We are dealing with 5+ papers that are fraudulent and another 5+ newer papers that are most likely fraudulent, too. That is, there have been 20, 25+ reviewers looking at those papers. Their job was to carefully read them and double check the numbers. All of them gave those papers a pass. I am at a loss here.
The authors' behaviour is outrageous, but this story is also about a broken reviewing process, partly due to wrong incentives.
"Peer review" is not "have someone else re-do the experiment". That's just not feasible, especially since reviews are done without pay. It's not realistic to expect people to spend more than a few hours reviewing a paper. That amount of time is barely enough to check for overall conceptual issues and maybe flag some really glaring deficiencies. (And then conclude with 'accepted with minor revisions', those 'revisions' preferably being 'add these three citations to my paper, that'll push your paper into 'acceptable' territory'.)
Well yeah in the papers of the OP maybe, I don't know. I more meant to address several commentors in this thread that seem to think in general that peer review is 'redo the research' and/or 'validate that it's correct'. It's not.

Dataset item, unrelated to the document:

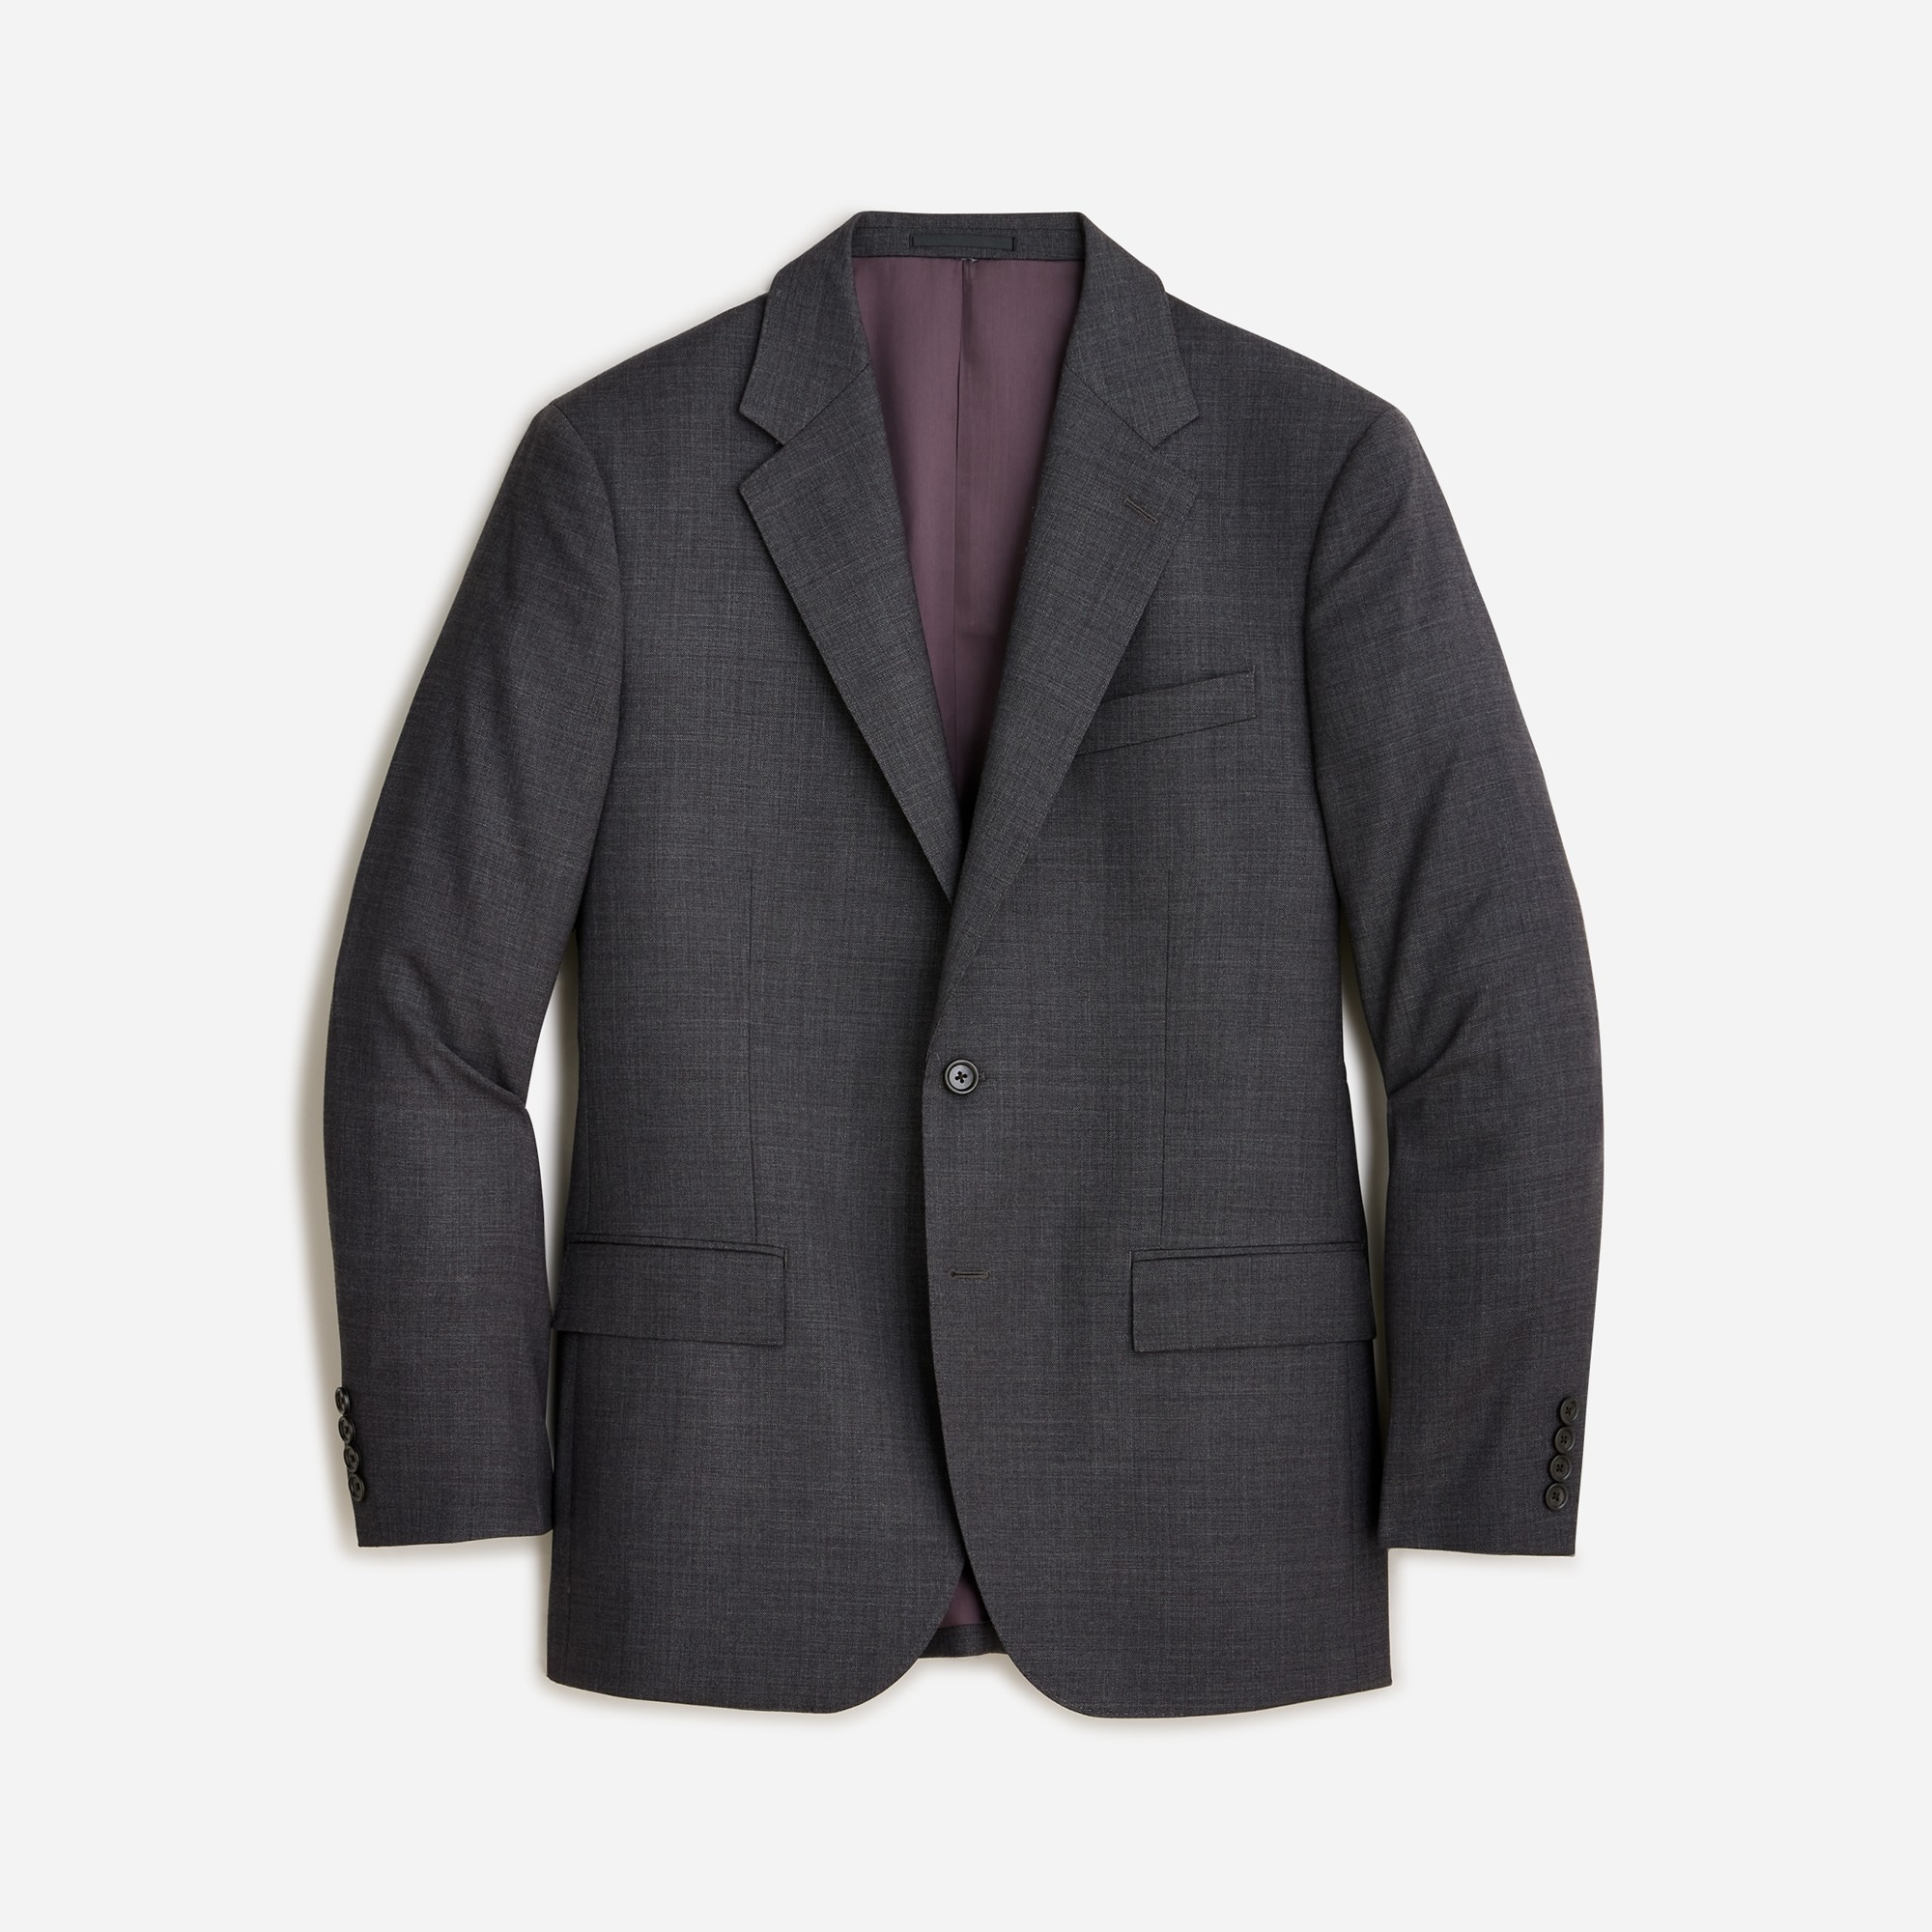 mens Crosby Classic-fit suit jacket in Italian stretch worsted wool blend

Nowadays when you see articles results of new research of covid19 in the media, those articles often include 'hasn't been peer reviewed yet' or 'reviewed by other scientists' or any such verbiage, either as a disclaimer or as 'now it must be true'. But that's not how it works; it's not because something has been 'peer reviewed' that it's 'The Truth' or 'Real Science'. Peer review, in reality, just weeds out (most) quacks (although in the OP's case it seems it didn't even do that) and checks that the paper is not completely out of touch with what is happening in and known about the field. It's not QA of the work itself.
(I don't care to debate if it should be, and if more money should be spend on replication etc, just providing some real world context on something that is quite opaque to and often misunderstood by those not in academia)

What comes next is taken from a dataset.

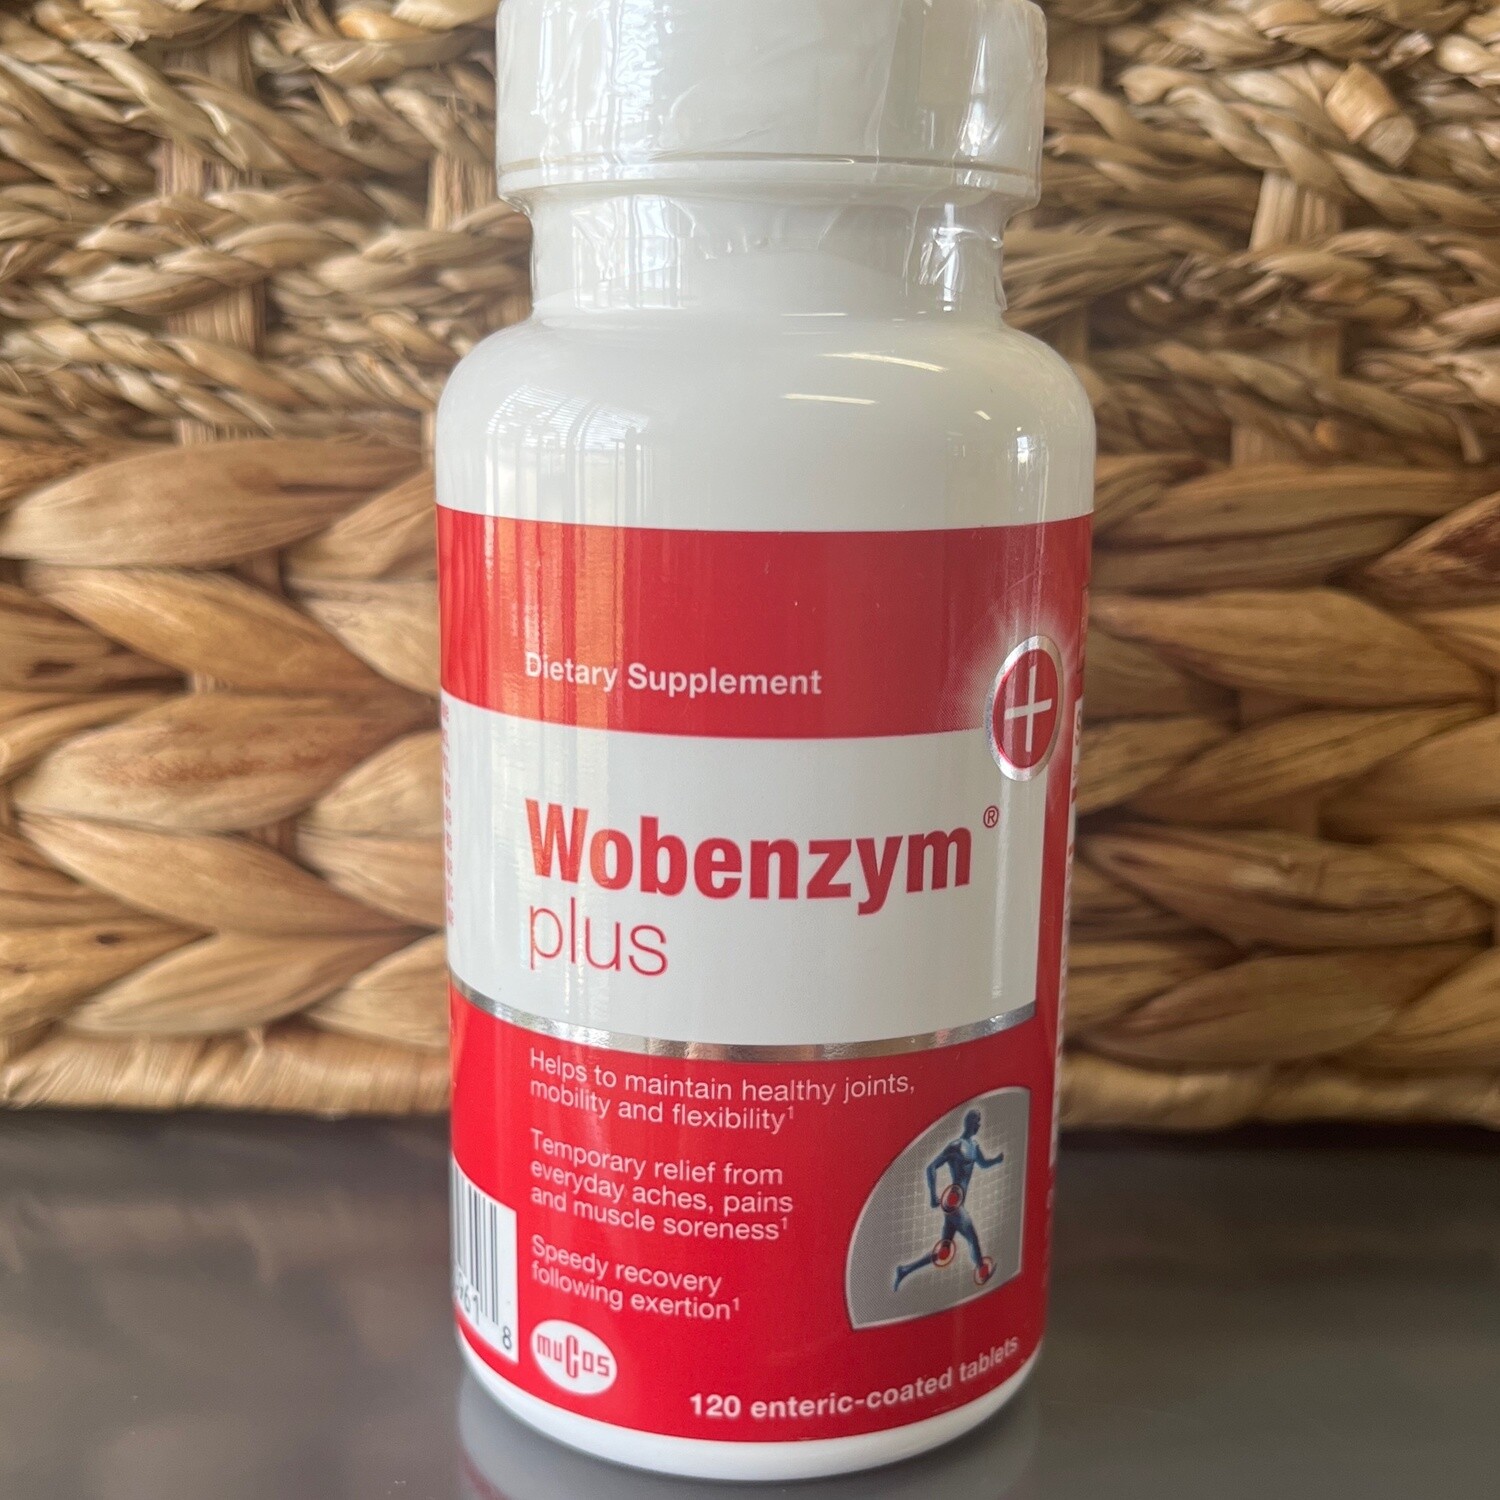 Wobenzym Plus - Supports Joint Function, Muscles and Recovery After Exertion

> Their job was to carefully read them and double check the numbers.
That's the theory. The reality is that there is no in-depth review. You're lucky if a reviewer actually reads the paper all the way through, let alone checks the numbers and applies a level of critical thought to the methodology, analysis and conclusions.
The authors' behaviour is outrageous, but this story is also about a broken reviewing process, partly due to wrong incentives.